Lead (Pb) is one of the most hazardous pollutants and toxic heavy metal in marine environment. The molecular mechanisms of Pb toxicity in aquatic organism are not well understood. In this study, hepatopancreas transcriptome of Litopenaeus vannamei (L. vannamei) was characterized by a comparison between control and Pb exposure samples using RNA-Seq approach. Hepatopancreas morphology of L. vannamei was also assessed. The result reveals that compared with the control group, an increase in the number of B cells was observed following Pb exposure in L. vannamei. Transcriptome data showed that a total of 1593 genes were recognized to be differentially expressed including 1278 up-regulated and 315 down-regulated genes. These genes were mainly associated with energy metabolism, cell apoptosis, exogenous microbial infection, cell junction, and cell adhesion. Fifteen ribosomal protein genes (RPS3, RPS13, RPSA, RPL11, RPS2, RPL8, RPS23, RPL3, RPL5, RPS6, RPS4X, RPS18, RPL19, RPL9, RPL6) were identified as the common hubs of protein–protein interaction (PPI) networks, as well as part of modules of the PPI network.

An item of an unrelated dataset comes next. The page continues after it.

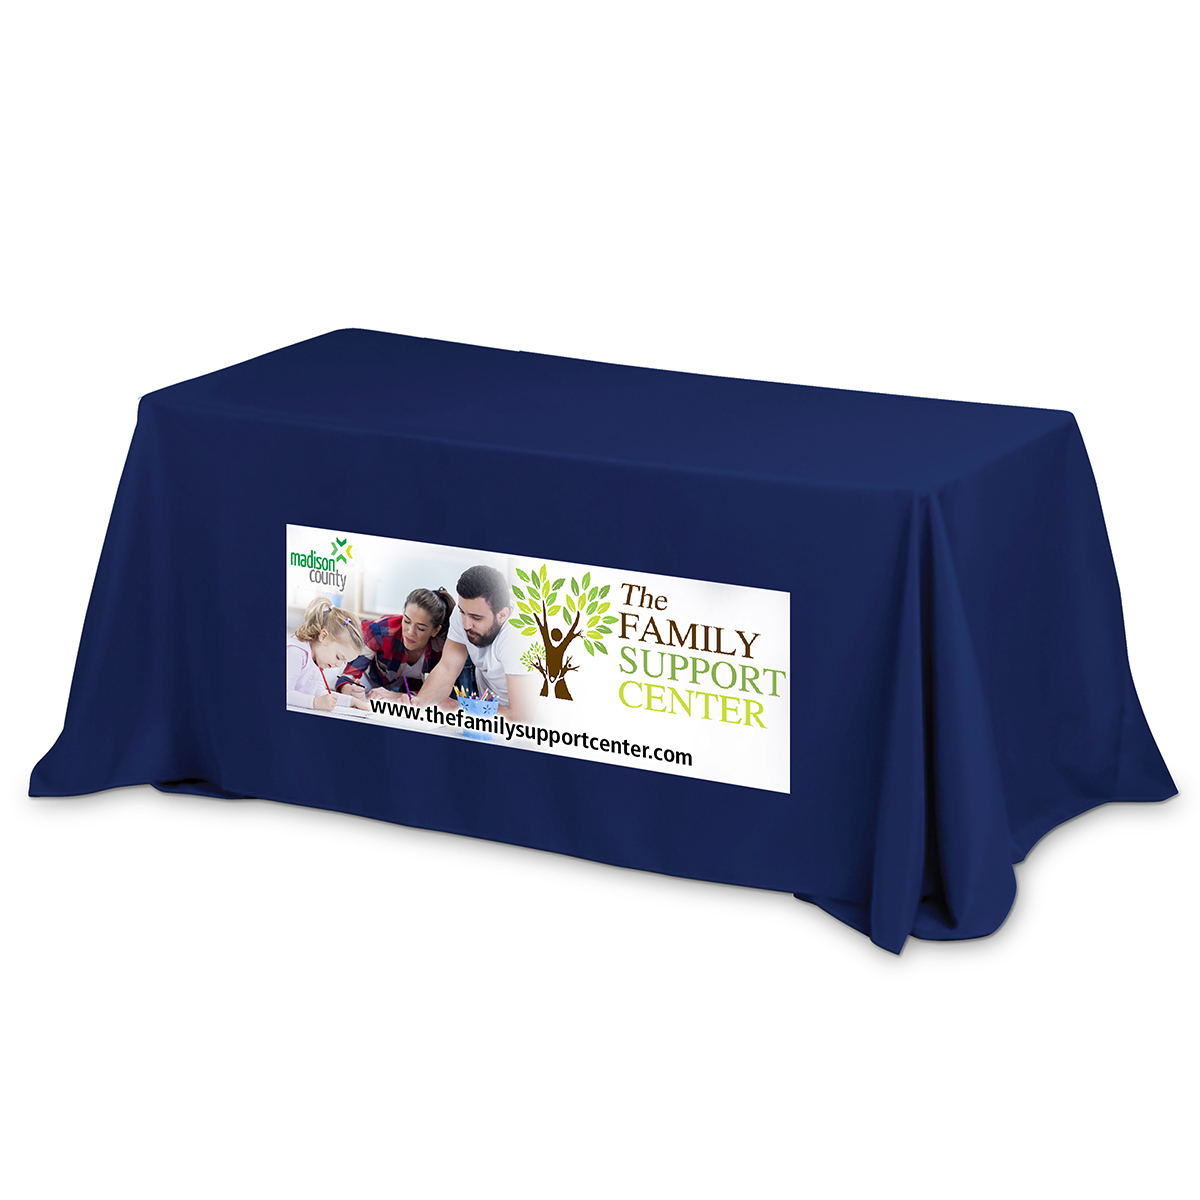 "PREAKNESS SIX" Fits 6 ft Table 3-Sided Economy Table Covers & Table Throws (PhotoImage Full Color)
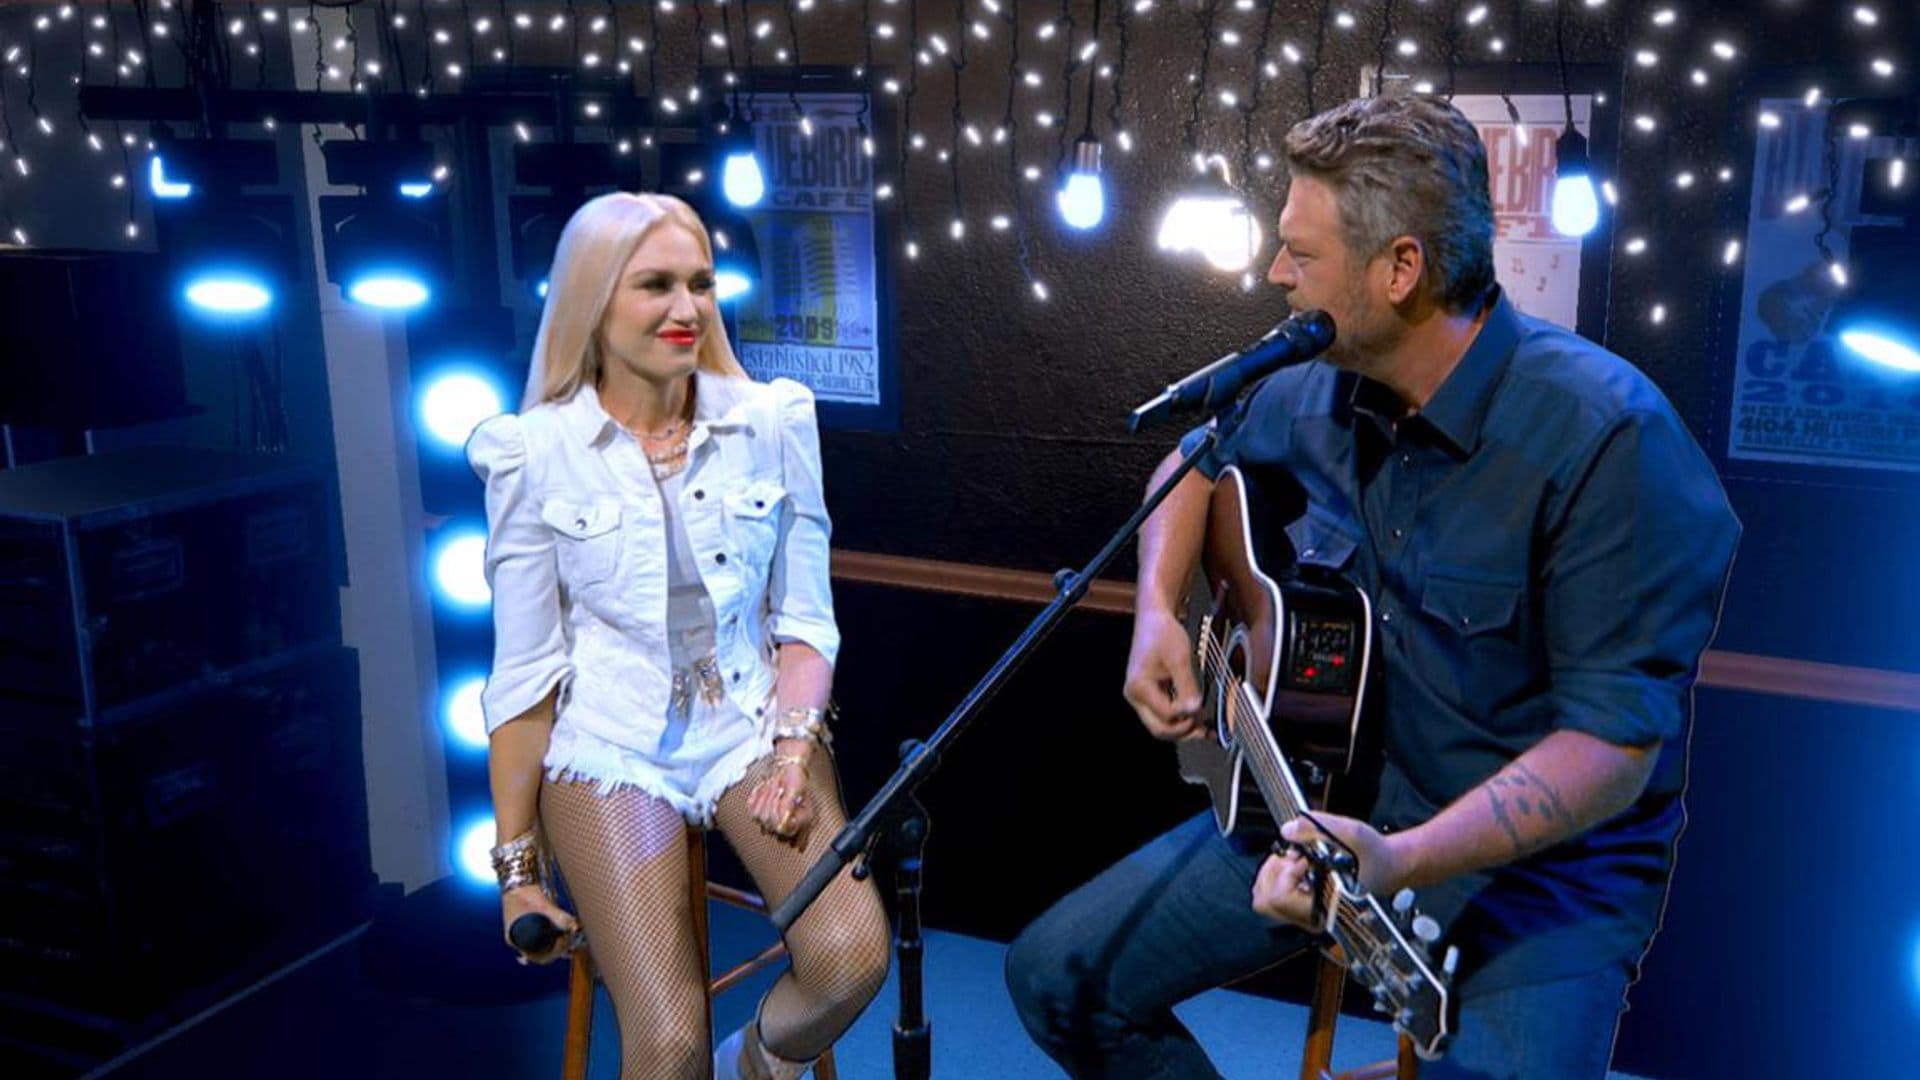 Blake Shelton and Gwen Stefani performed together at the American Country Music Awards

Besides ribosomal protein, we identified differential expression genes (DEGs) including GAPDH, EEF1A1, HSPA8, UBC, and EEF1G as the common hubs of PPI networks. These findings may have important implications for understanding the adverse biological effects of Pb and its toxic mechanisms, as yet not clearly defined, and provide potential biomarkers of Pb exposure in hepatopancreas of L. vannamei, which might be useful for monitoring aquatic environments and assessing the health of the marine ecosystem.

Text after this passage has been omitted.